Óglaigh na h'Éireann ceasefire announcement 'long overdue'
The ceasefire announcement by Óglaigh na hÉireann has received a cautious welcome.
Sinn Fein president Gerry Adams was among the first to react.
The Louth TD said: "There can be no excuse or justification for the continued existence and operation of armed groups, either unionist or republican.
"Their continued existence leads only to hardship, loss, bereavement and imprisonment.
"There is a peaceful and democratic way forward to resolve political differences and to work towards an agreed and united Ireland."
Although the announcement means one of the deadliest dissident groups is moving away from violence, a number of other factions, including the New IRA and Continuity IRA, still continue to pose a threat.
PSNI Deputy Chief Constable Stephen Martin said: "The group has announced it is to suspend all actions against the 'British State', however, for years now, members have been heavily involved in extreme violence against people living in their own communities, including carrying out brutal beatings and shootings, as well as menacing acts of intimidation to create fear and control.
"These vicious attacks must also be consigned to the past.
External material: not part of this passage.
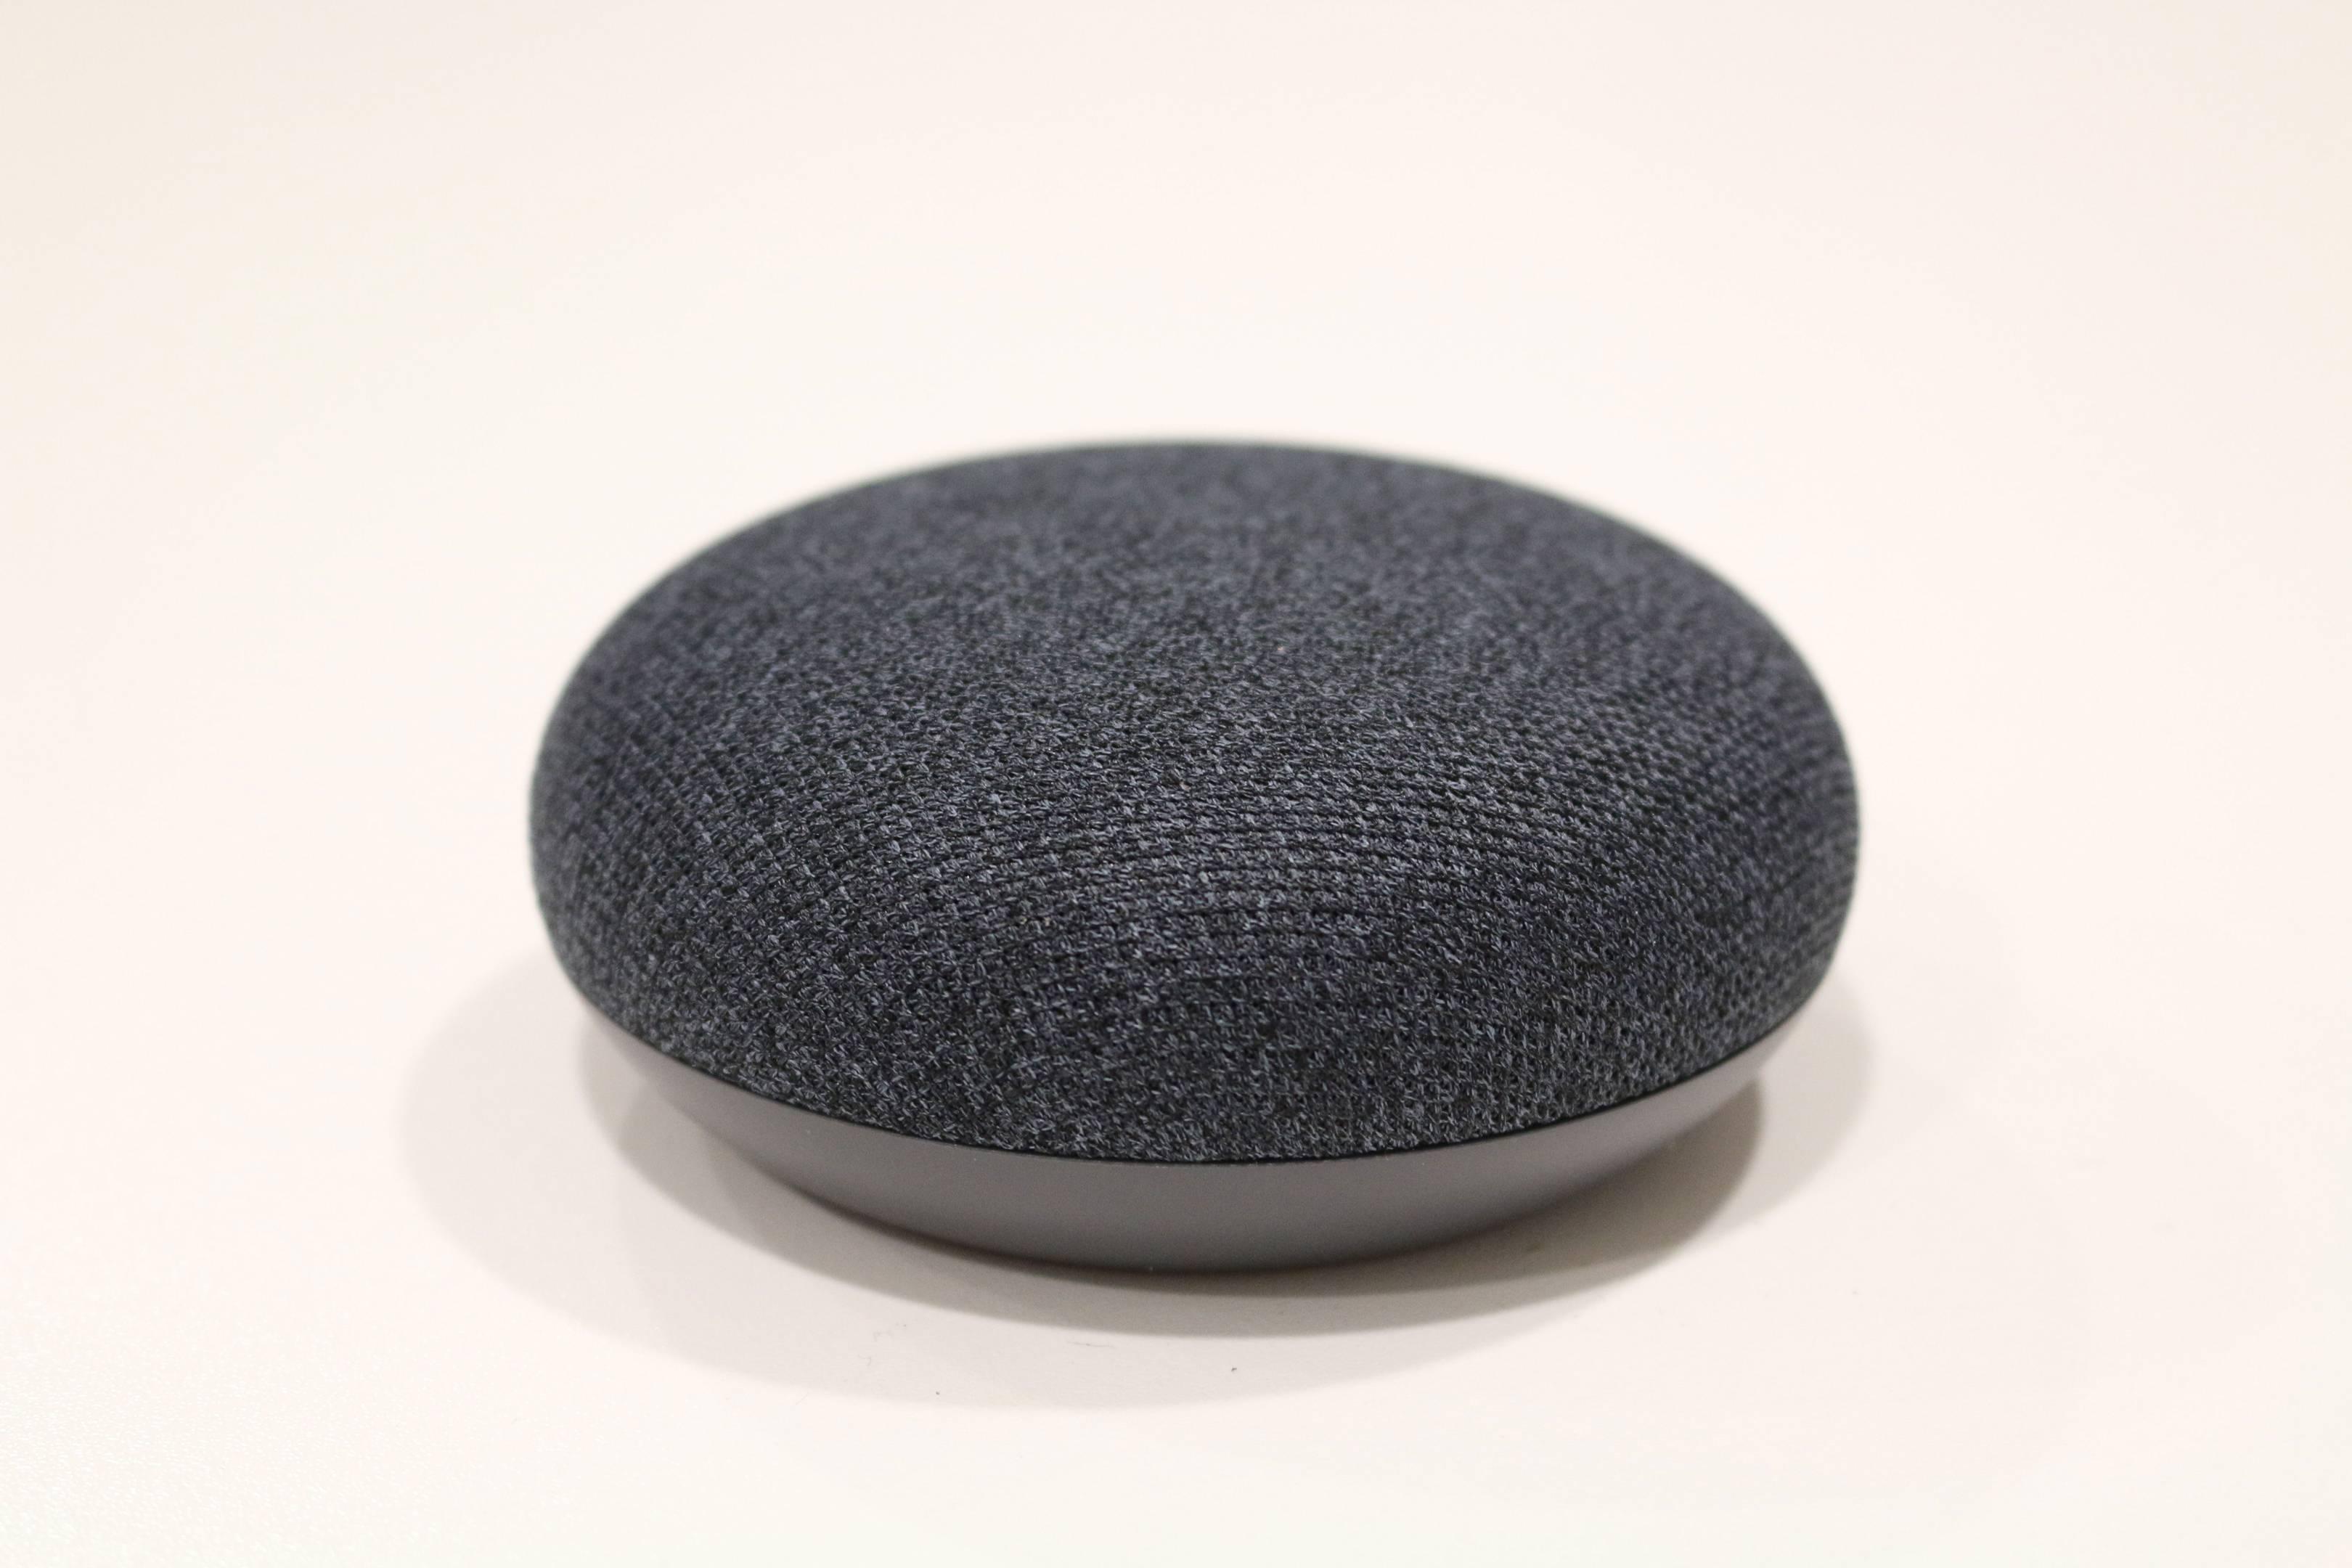 google home mini speaker review audio quality

It will be deeds that count ultimately, not words.
"Uppermost in my mind today are those who suffered, often most grievously, at the hands of ONH over the last decade.
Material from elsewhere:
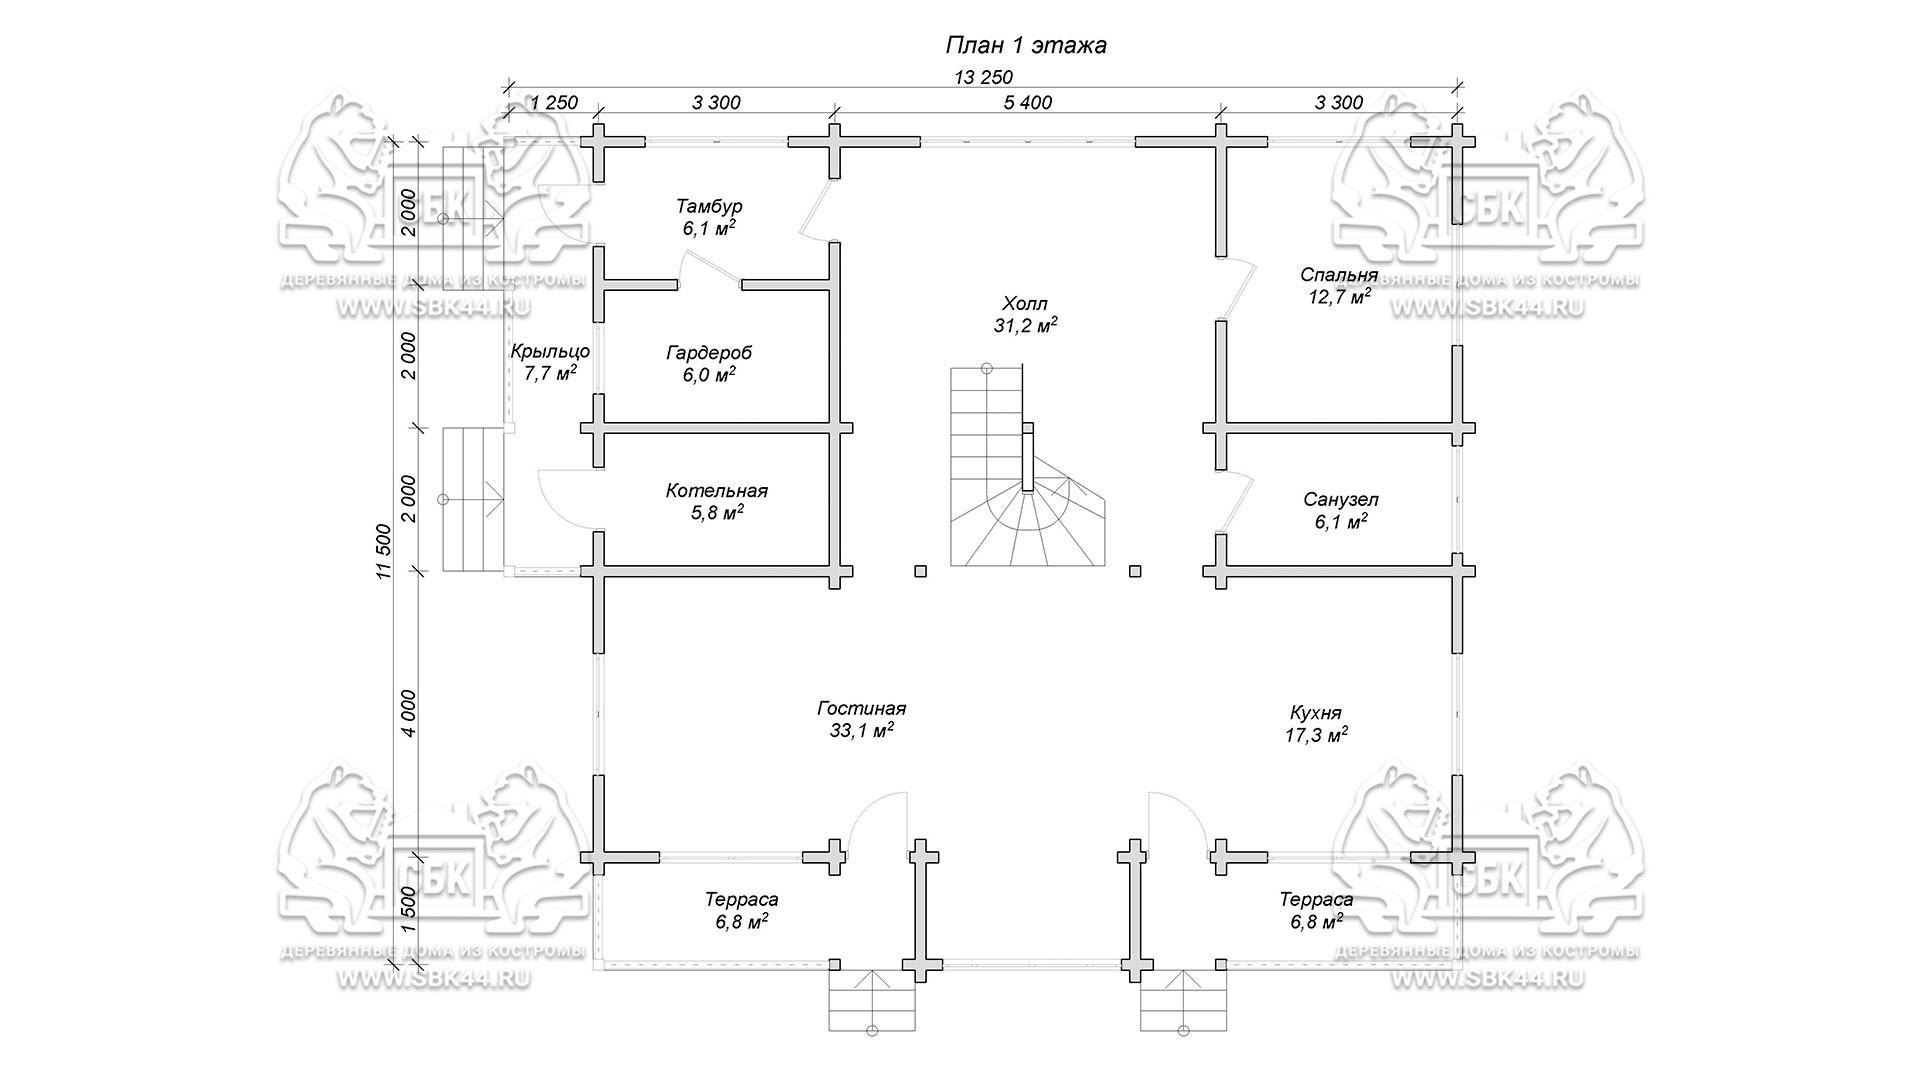 Проект дома из бруса в чашу 12 х 11,5 м «Семейный» - план 1-го этажа

"I urge ONH to live up to its commitment and also to take the further steps I've outlined.
"I would say to other groups involved in violence and criminality to follow suit and also stop immediately.
Colum Eastwood, leader of the SDLP, said the move was "long overdue".
"While we can welcome the move to cease using violence, we cannot allow for the past to be glossed over," he said.
"Let the failure of the violent campaigns of ONH and other violent actors instead serve as a hard won lesson on this island - bombs and bullets have never achieved progress.
"Again and again this island has known violence and again and again we have known its futility.
"Violence has only ever led to the hardening of hearts and the filling of graveyards.
"Today's announcement is also an opportunity for all the other fractures of dissident republican organisations to end their so-called 'campaigns'."
Meanwhile, Taoiseach Leo Varadkar has welcomed the ONH decision to end violence. In response to a question from Gerry Adams in the Dail, he also paid tribute to the "trade unionists, politicians and others" who had engaged with the terror group during two years of protracted negotiations which led up to the ceasefire announcement.
Tánaiste Simon Coveney also welcomed the new ONH commitment.
He said: "There is no place and no justification for violence and I call on all other dissident groups to follow suit.
"We hope and anticipate that this ceasefire will be proven to be definitive and comprehensive in word and in deed."